The slow climb out of the deep well of despair took decades, hampered by ideological barriers against computerisation and modernisation that required the obsolete to be discarded and new machines and new ways to be adopted. Small engineering fled to several places including Pune, Ludhiana, Jalandhar. Policy ensured that the big public sector investments and the so-called big private sector investments were made in less developed places. West Bengal’s economy
languished.

Post 1977, there was land reforms that released productive energies in agriculture. For West Bengal that was consolation because economic activity picked up some pace, even though that pace was obviously slow. There were cautious efforts to lure back investors. Even after 1994 and the brand new industrial policy resolution that adapted economic reforms and liberalisation to fit the rhetoric of the Communist Party of India (Marxist), there was little forward movement.

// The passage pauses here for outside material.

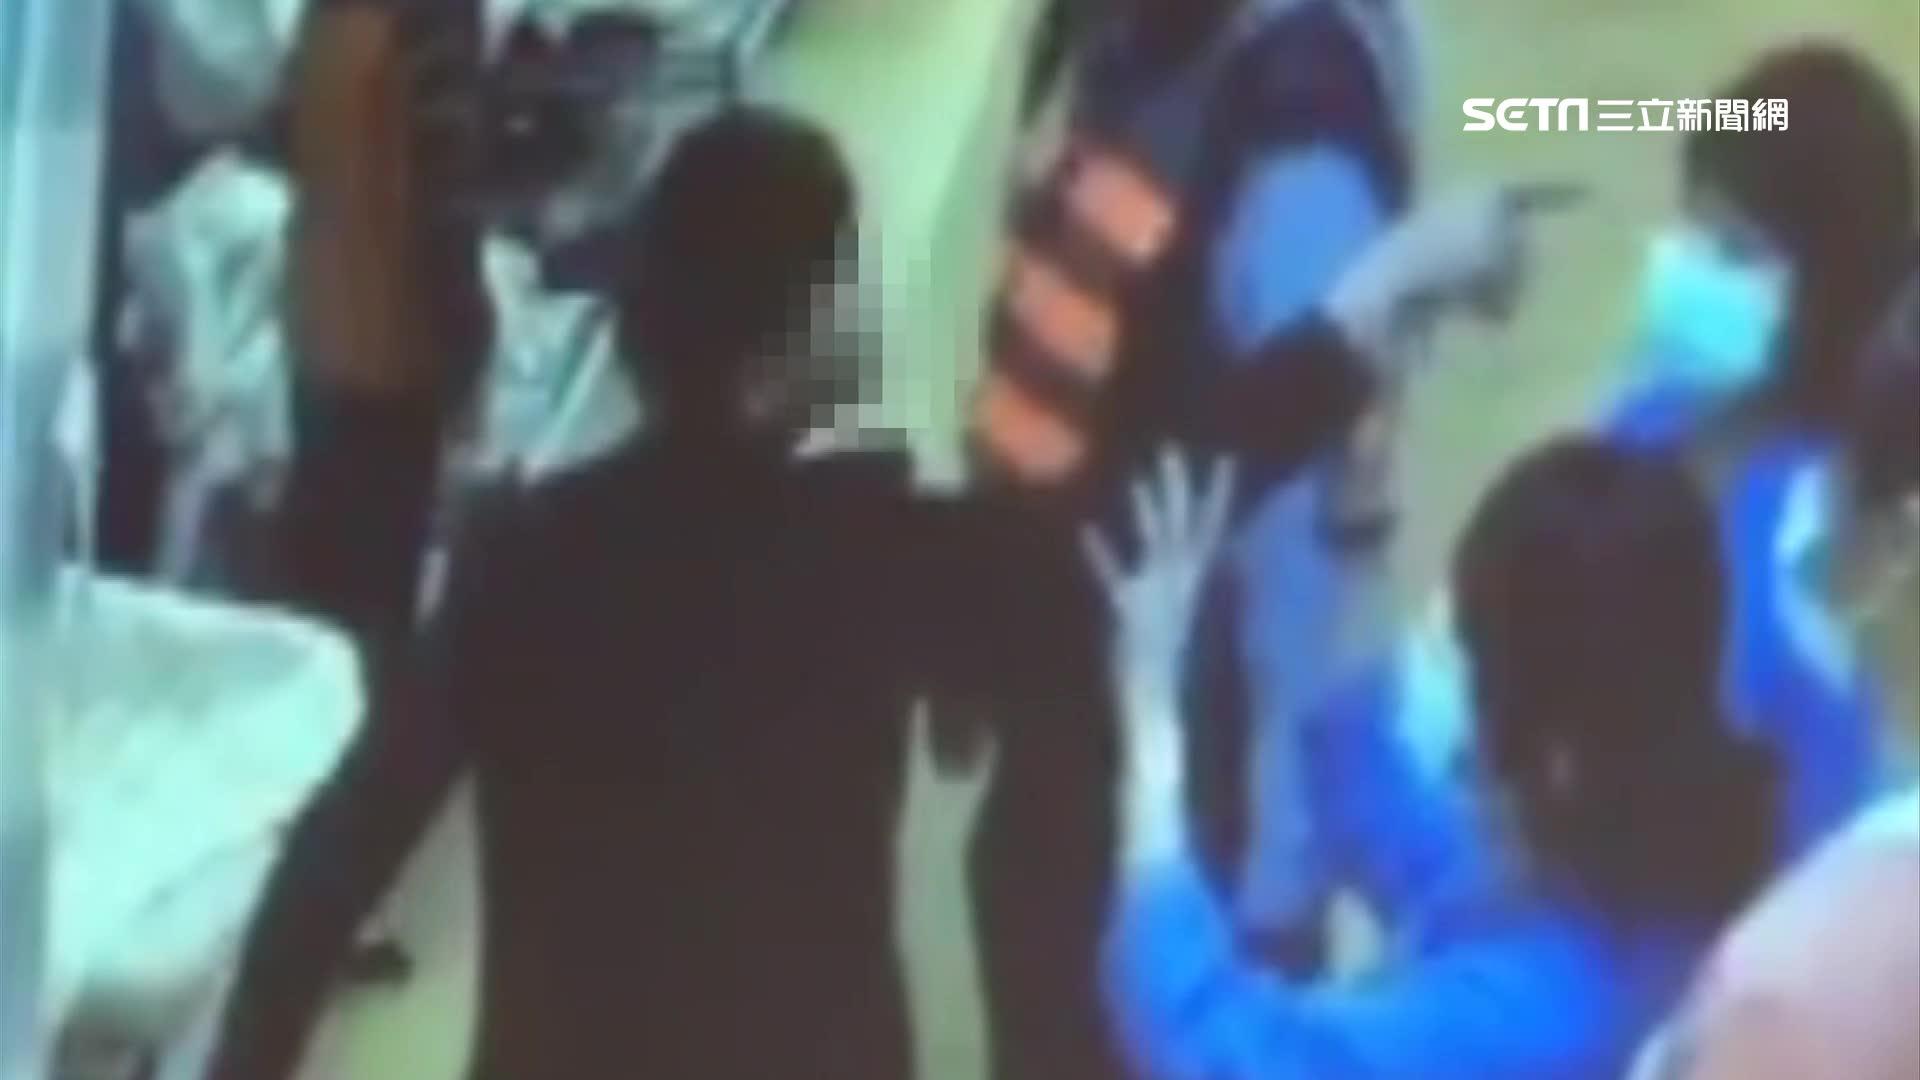 譴責醫療暴力!護理師遭醉漢勒脖怒罵

The one big success was the Haldia Petrochemicals Limited and the almost stealthy entry of the IT sector. Possibilities began emerging, albeit hesitantly.

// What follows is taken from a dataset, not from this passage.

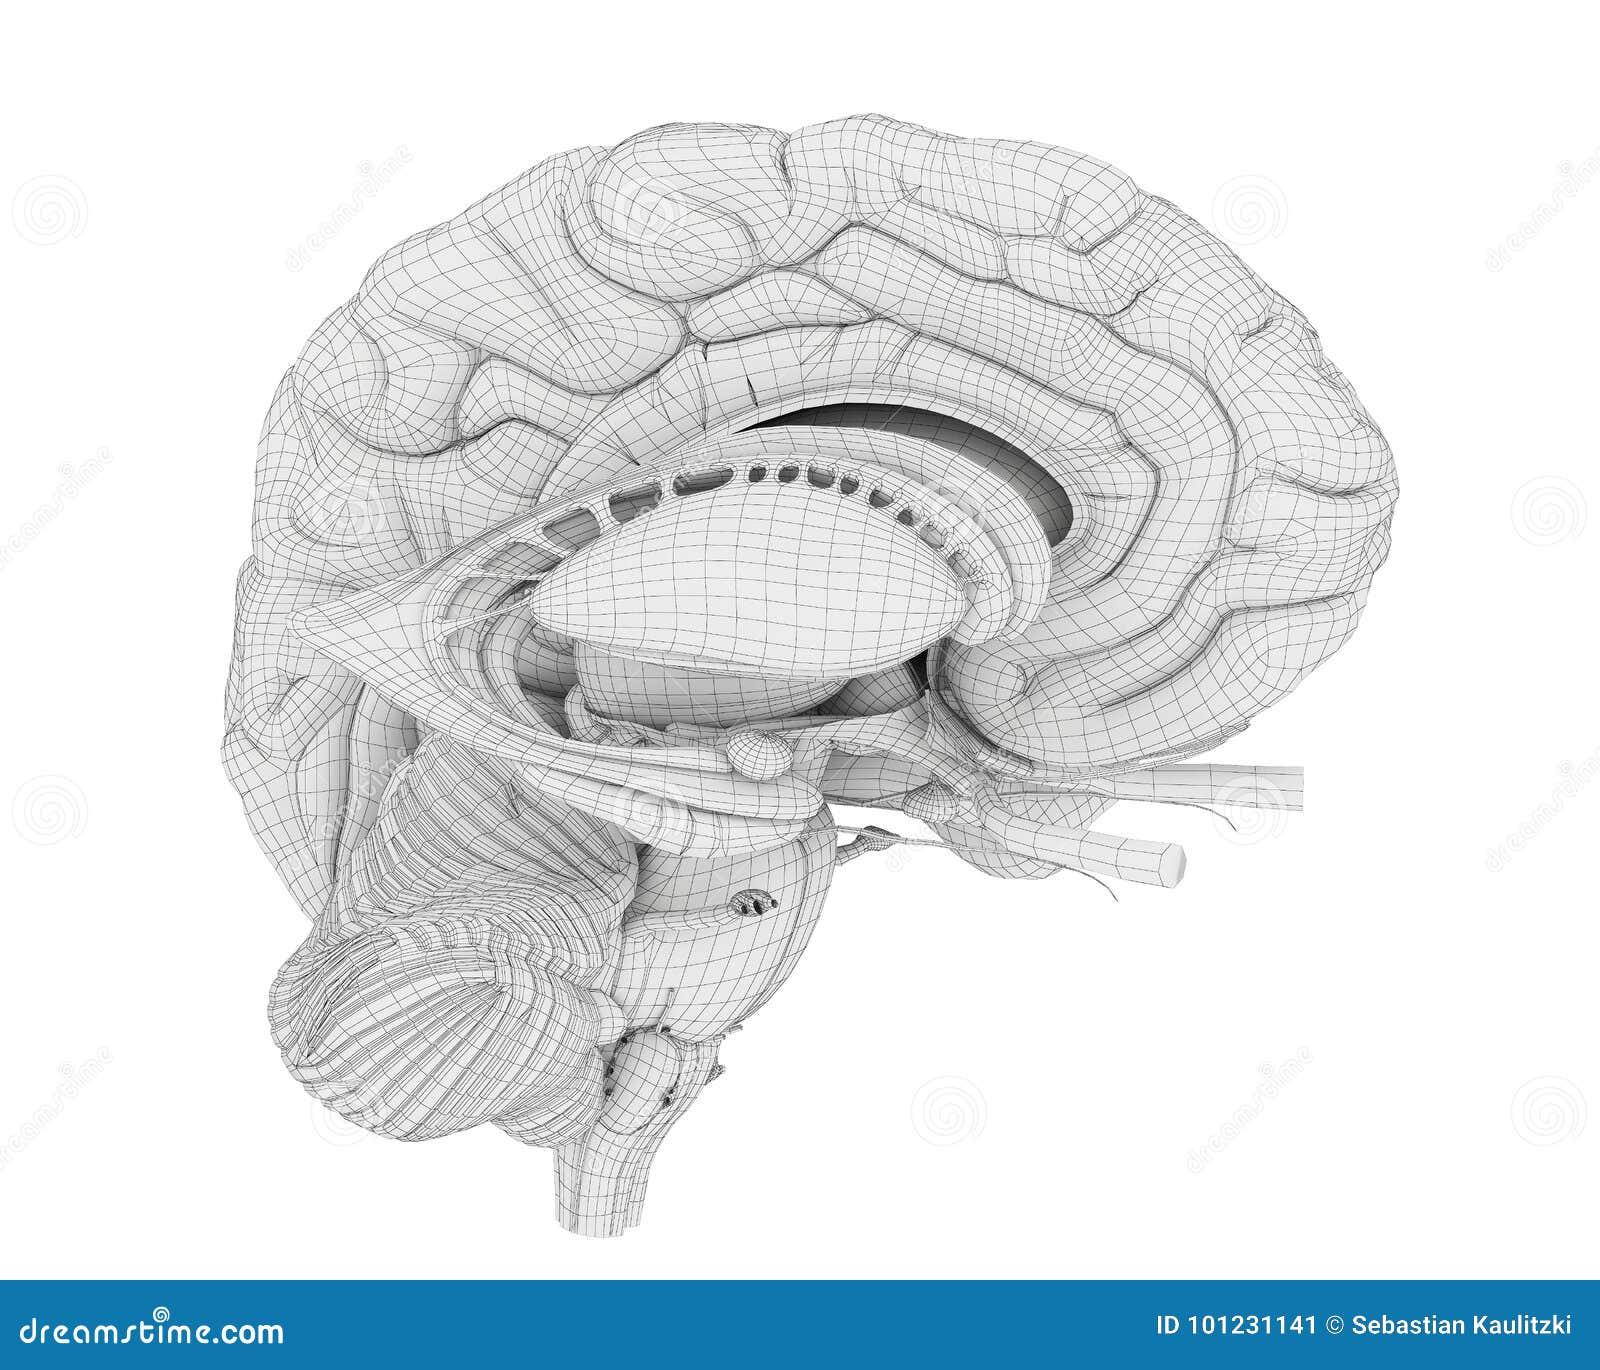 The brain anatomy stock illustration. Illustration of human - 101231141

Then with a bang, Chief Minister Buddhadeb Bhattacharjee launched his successful mission to bring in the investors. Tata Motors came and Singur despite the land row started off with the certainty that West Bengal would become a global destination since the Nano would be manufactured here. The Rs 1 lakh small car that challenged every big car maker in the world was all set to transform West Bengal’s image even if not every segment of the State’s economy.

The anti-land acquisition movement threatened and then killed the Nano project. It also produced a spectacular political revival of the Opposition, led by the Trinamool Congress and its leader Mamata Banerjee. The contested land located on the Durgapur Expressway is now a series of sheds awaiting the onset of corrosion. Beside the contested land other sheds too seem to be similarly unemployed. The traffic on the expressway is lighter. The numbers of trucks trundling along are fewer, and far fewer of them are waiting to move either up or down the road. Instead of hectic movement, if the Nano plant had survived the politics of West Bengal, there is a sluggish movement of goods. The toll gates look underused and there are fewer police manning them, because the traffic is light.

And now there are the Maoists. Even if the Maoists are spread across some 180 odd districts of India, even if the purpose of the Centre’s crackdown on them is as Arundhati Roy claims to clear the way for international mining interests, the connection between violent ultra Left politics and West Bengal is special. The original Naxalite movement started here. The return of the Maoists is a reminder that West Bengal is an inhospitable place for investors.

Sweeping down the expressway two years ago, there was a lot of activity around Dankuni. Branded as the new Kolkata west of the original city, a township was in the making. The ugly sculpted horses on top of a gate that led from nowhere to nowhere marked the beginning of a brave new world. The horses and the gate remain, the housing project has slumped and DLF’s investment has disappeared.

The wasteland is beginning to creep back and soon West Bengal will revert to its rust belt status. All activity will be political. For those who want to or must because they need to earn a livelihood, the multiple new train connections will speed an army of low cost labour out of West Bengal. Those who get left behind will constitute the miserable proletariat, ripe for political manipulation.